I say … American Companies wanna make crap outta the country…. when that country F*ucks ya over…. TOO BAD…don’t come cry’n to me.

roflmao

donabernathy on February 14, 2011 at 8:48 PM

+1. And they won’t be the last, either.

Think it’s too expensive to do business here? Just wait until the ‘law’ the cr@psack country you’re in nationalizes your stuff…or worse, kicks down your door with the gang of overdressed baboons they call an ‘army’.

Dark-Star on February 15, 2011 at 10:59 AM

If The United States would allow for drilling here & in such territory as we have, the American companies wouldn’t have as much need to go elsewhere for the stuff. That said, they are capitalists so they will seek product from which to profit and will pay subsequent taxes thereon.
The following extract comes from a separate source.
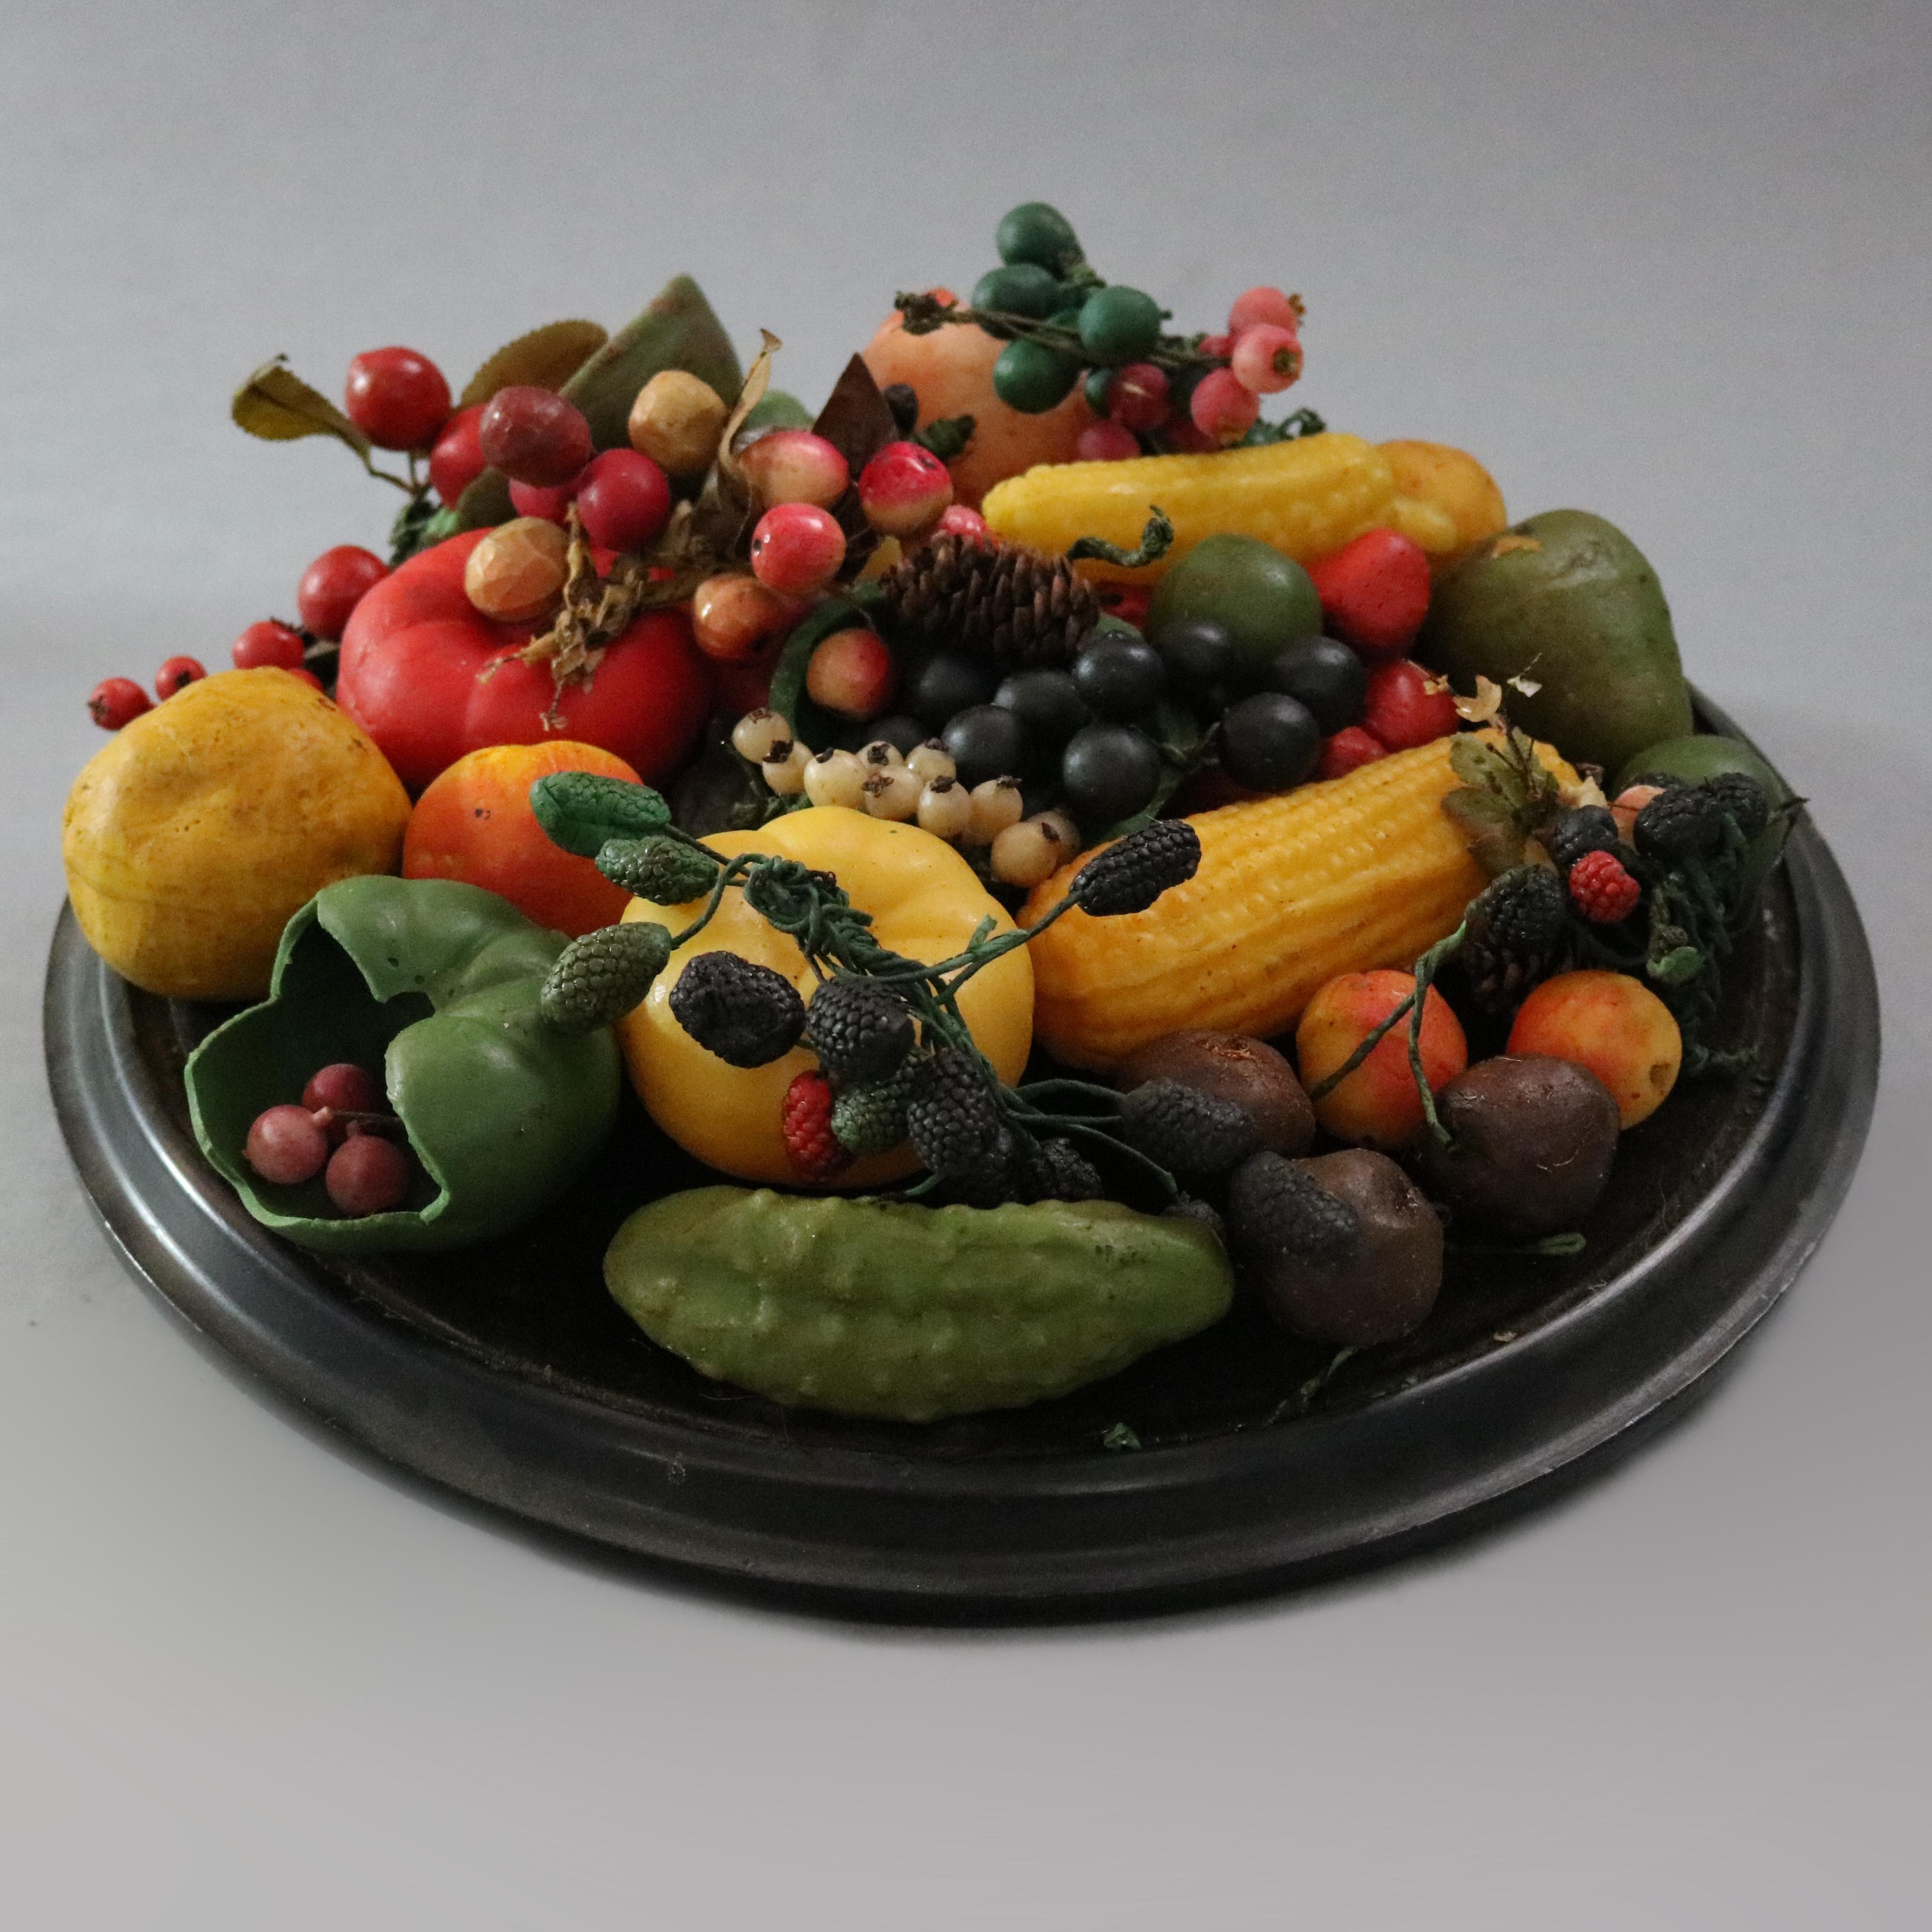 An antique Victorian still life arrangement offers a variety of loose wax fruits displayed on wood base under glass dome, circa 1880

Measures: 8.75

For all those that think Chevron should pay the sum and they got what they deserve, let’s not forget this was a joint venture with Petroecuador who has been assigned no apparent responsibility. Let someone file a trumped up case with fraudulent evidence against you and see if you retain that mindset.

Leftists in the world; leftists in America? Very lil difference. They are all anti-freedom, anti-business, corrupt thugs. The main difference is the leftists here haven’t yet gotten the military to use against the citizenry. God-willing they won’t ever.